> [ABOUT THIS TASK]: In the listing below, find the line holding "Bose Soundlink bluetooth headphones" and the line holding "Black Label Pencil Skirt | Fullbeauty Outlet". Write out those two lines and all lines between, exactly, and nothing more.

--- GIVEN ENTRIES Enclosed Below ---

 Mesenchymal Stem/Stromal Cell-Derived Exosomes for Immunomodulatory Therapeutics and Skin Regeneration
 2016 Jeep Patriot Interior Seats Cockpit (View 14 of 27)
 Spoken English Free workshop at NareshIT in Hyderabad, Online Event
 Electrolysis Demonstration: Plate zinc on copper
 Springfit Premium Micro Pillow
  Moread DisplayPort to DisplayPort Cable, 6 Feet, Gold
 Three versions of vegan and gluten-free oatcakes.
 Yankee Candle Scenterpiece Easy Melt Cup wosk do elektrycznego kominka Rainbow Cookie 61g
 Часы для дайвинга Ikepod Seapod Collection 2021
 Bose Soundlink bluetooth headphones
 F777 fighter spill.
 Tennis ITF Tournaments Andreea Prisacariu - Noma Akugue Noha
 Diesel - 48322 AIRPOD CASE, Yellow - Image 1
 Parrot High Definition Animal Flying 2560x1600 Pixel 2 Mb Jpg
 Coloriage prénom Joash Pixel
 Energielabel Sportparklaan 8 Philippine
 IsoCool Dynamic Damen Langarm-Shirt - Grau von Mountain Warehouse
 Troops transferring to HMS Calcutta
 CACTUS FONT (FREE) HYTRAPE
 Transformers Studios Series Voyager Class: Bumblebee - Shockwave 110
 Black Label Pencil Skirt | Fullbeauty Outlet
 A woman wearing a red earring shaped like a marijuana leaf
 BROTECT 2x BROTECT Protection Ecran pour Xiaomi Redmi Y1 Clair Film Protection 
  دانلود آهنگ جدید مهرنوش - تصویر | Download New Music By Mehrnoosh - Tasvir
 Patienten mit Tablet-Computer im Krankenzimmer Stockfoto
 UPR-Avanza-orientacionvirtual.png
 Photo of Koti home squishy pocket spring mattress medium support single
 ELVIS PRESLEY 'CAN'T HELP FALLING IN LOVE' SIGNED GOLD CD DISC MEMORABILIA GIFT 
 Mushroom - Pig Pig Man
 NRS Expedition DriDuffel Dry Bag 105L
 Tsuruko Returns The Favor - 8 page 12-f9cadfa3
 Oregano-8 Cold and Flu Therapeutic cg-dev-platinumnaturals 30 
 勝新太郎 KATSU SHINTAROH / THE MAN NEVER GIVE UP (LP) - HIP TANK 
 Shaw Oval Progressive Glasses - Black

--- End of Enclosed GIVEN ENTRIES ---

> [ANSWER AREA]:
 Bose Soundlink bluetooth headphones
 F777 fighter spill.
 Tennis ITF Tournaments Andreea Prisacariu - Noma Akugue Noha
 Diesel - 48322 AIRPOD CASE, Yellow - Image 1
 Parrot High Definition Animal Flying 2560x1600 Pixel 2 Mb Jpg
 Coloriage prénom Joash Pixel
 Energielabel Sportparklaan 8 Philippine
 IsoCool Dynamic Damen Langarm-Shirt - Grau von Mountain Warehouse
 Troops transferring to HMS Calcutta
 CACTUS FONT (FREE) HYTRAPE
 Transformers Studios Series Voyager Class: Bumblebee - Shockwave 110
 Black Label Pencil Skirt | Fullbeauty Outlet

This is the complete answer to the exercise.